4. Clone the updates dynamically using Arrays.stream(newDp) which helps in avoiding any interference or side-effects from previously calculated values.

The solution concludes with the element dp[0][0], which holds the total number of ways the pizza can be cut starting from the top left corner following all the constraints.

This approach ensures a comprehensive exploration of all cutting patterns and updates the number of ways dynamically employing past calculations, encapsulated effectively in Java syntax and structure.

class PizzaSlicer:
    def slice_ways(self, slices: List[str], cut_count: int) -> int:
        row_count = len(slices)
        col_count = len(slices[0])
        apple_presence = [[0] * (col_count + 1) for _ in range(row_count + 1)]
        for i in range(row_count - 1, -1, -1):
            for j in range(col_count - 1, -1, -1):
                apple_presence[i][j] = ((slices[i][j] == 'A')
                                        + apple_presence[i + 1][j]
                                        + apple_presence[i][j + 1]
                                        - apple_presence[i + 1][j + 1])
        dp = [[int(apple_presence[i][j] > 0) for j in range(col_count)]
             for i in range(row_count)]
        MODULO = 1000000007
        for remaining in range(1, cut_count):
            next_dp = [[0 for j in range(col_count)] for i in range(row_count)]
            for i in range(row_count):
                for j in range(col_count):
                    for next_i in range(i + 1, row_count):
                        if apple_presence[i][j] - apple_presence[next_i][j] > 0:
                            next_dp[i][j] += dp[next_i][j]
                    for next_j in range(j + 1, col_count):
                        if apple_presence[i][j] - apple_presence[i][next_j] > 0:
                            next_dp[i][j] += dp[i][next_j]
                    next_dp[i][j] %= MODULO
            dp = next_dp
        return dp[0][0]

The provided Python solution outlines an algorithm implemented in the PizzaSlicer class to count the number of ways a pizza, represented as a grid of characters ('A' for apple and no character for no apple), can be cut into pieces ensuring each piece has at least one apple. The algorithm uses dynamic programming techniques to solve the problem efficiently.

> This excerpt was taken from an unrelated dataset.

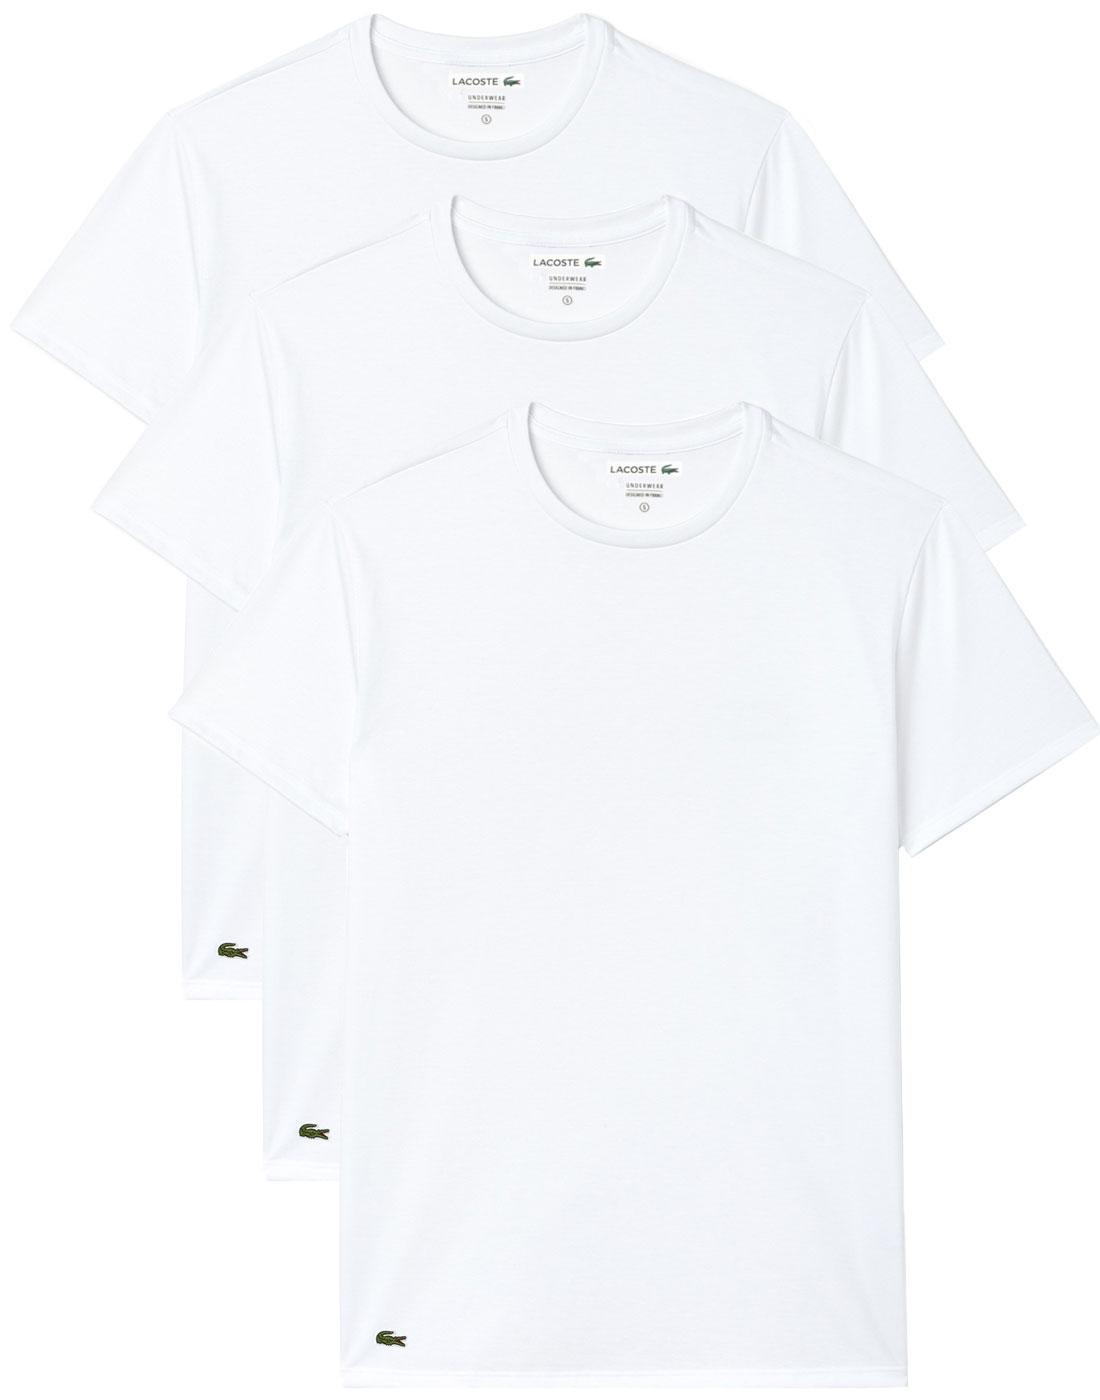 LACOSTE Men's 3 Pack Crew Neck T-Shirt - WHITE

• The slice_ways method takes slices, which is a list of strings representing the pizza, and cut_count, the number of cuts needed.
• The initial preprocessing step constructs the apple_presence matrix, which calculates the number of apples present from any given position (i, j) to the bottom right of the grid. This step utilizes memoization to avoid redundant calculations by building upon previously calculated results.
• A second matrix, dp, is then initialized based on whether the apple is present above and to the left of each position.
• The main dynamic programming concept applied here involves updating dp with each possible remaining number of cuts. For each cell (i, j), possible cuts along the rows (next_i) and columns (next_j) are considered, and values are propagated forward based on the number of apples segregated by the cut.
• A modulo operation ensures the result stays within computational limits to avoid overflow and maintain efficiency.
• Finally, the method returns the total ways to make the required cuts from the top left of the pizza.

This approach guarantees that all possible valid partitions of the pizza are counted, with careful consideration to ensure that each piece of pizza after the cut contains at least one apple. This solution is robust to varying pizza sizes and configurations of apple placements.